The hallucinations experienced by hemianopic patients can be simple (e.g., points, lines, geometric shapes) or complex (e.g., objects, animals, people or animated scenes) and can involve the entire visual field or just part of it (Panayiotopoulos, 1999). These hallucinations are generally accompanied by euphoria, excitement or even negative feelings (Mosimann et al., 2008). Beyond hemianopia, visual hallucinations also occur in many psychiatric disorders such as psychoses (especially in schizophrenia and in chronic hallucinatory psychosis), in neurodegenerative disorders (e.g., Alzheimer’s and disease, Parkinson’s disease, and Lewy body dementia, in which hallucinations are frequent), during migraine auras, in certain cases of encephalitis, in epilepsy, and directly following consumption of certain substances (e.g., alcohol, narcotics or medication) in the absence of any neurological damage (Manford and Andermann, 1998). Intriguingly, complex visual hallucinations can be experienced by elderly subjects that do not exhibit any cognitive impairments but that do exhibit pre-chiasmatic (peripheral) visual impairments, as has been described for Charles Bonnet syndrome (Menon et al., 2003), which can be caused by various eye conditions. In most cases, the hallucination comprises visual perceptions of a “living” nature. They are especially clear and well-defined, and can be colored. However, patients with Charles Bonnet syndrome do not exhibit any other type of hallucination. In Charles Bonnet syndrome, as well as in hemianopic patients with a unilateral retrochiasmatic lesion, there is a disconnection between the eye and the visual cortex.
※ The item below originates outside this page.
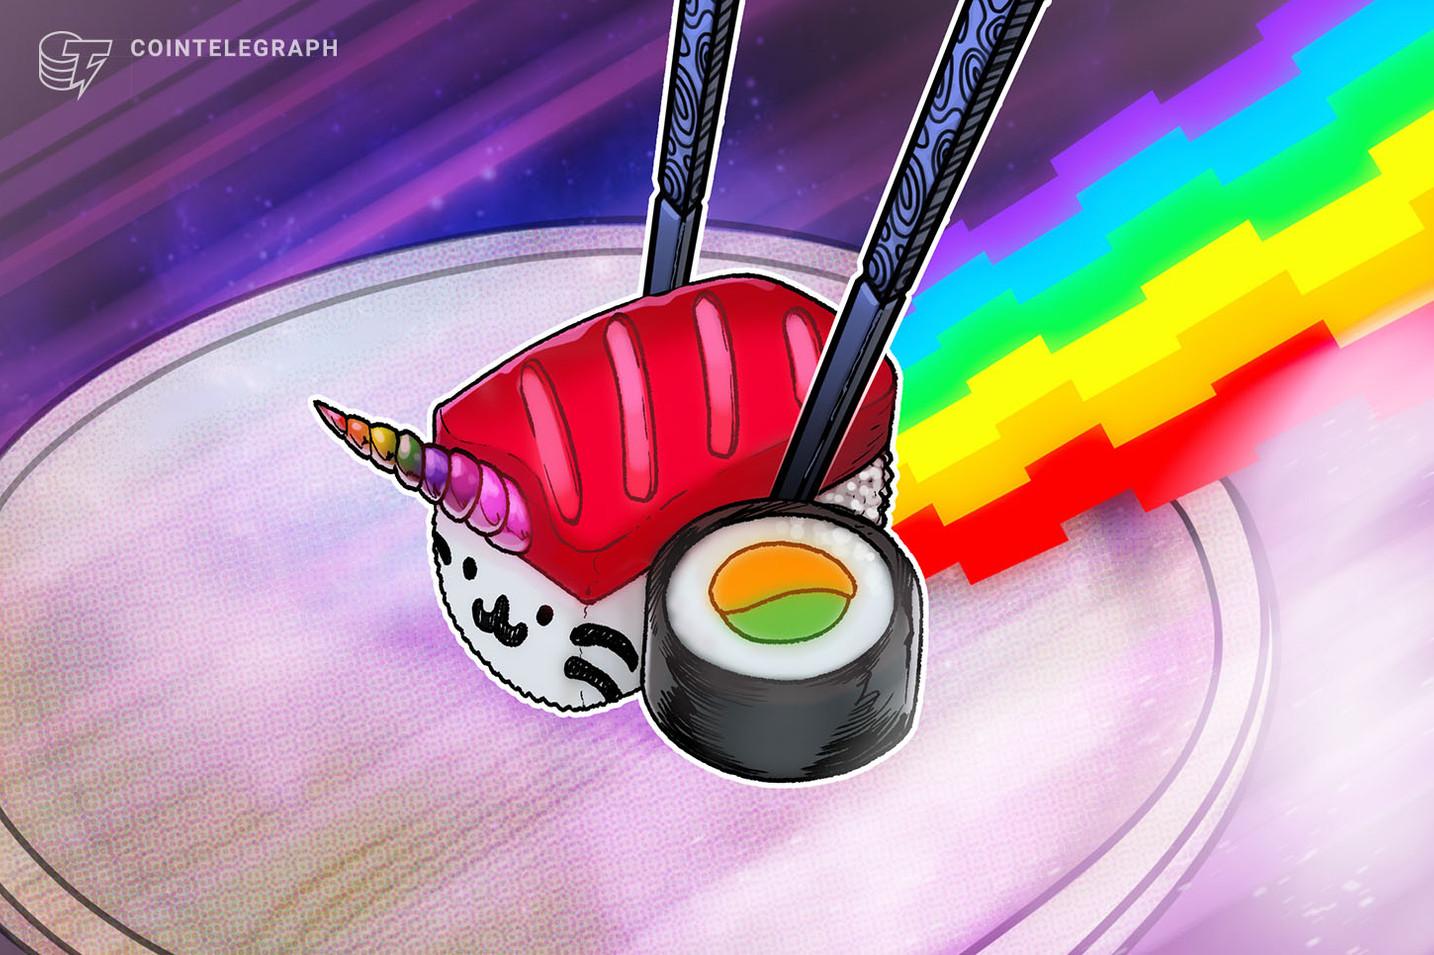 O efeito Yearn.finance: por que a SushiSwap (SUSHI) subiu 75% em 1 semana

Indeed, in function of their visual field defect, HH patients can experience visual hallucinations in their blind visual field or in their entire visual field. These hallucinations vary in frequency and intensity: They can be instantaneous or enduring, and simple or complex. However, the origin of these hallucinations remains poorly understood, although they are thought to depend on lesion location (Alfaro et al., 2006). Thus, it has been reported that that the peri-lesional area of the visual cortex can generate visual hallucinations whose complexity depends on the lesion site (Kölmel, 1985): simple hallucinations apparently resulted from activation of the primary cortex, and complex hallucinations, from activation of the association cortex. Additionally, other studies have demonstrated that complex visual hallucinations can be triggered by stimulation of the temporo-occipital or the parieto-occipital lobe (Rafique et al., 2015).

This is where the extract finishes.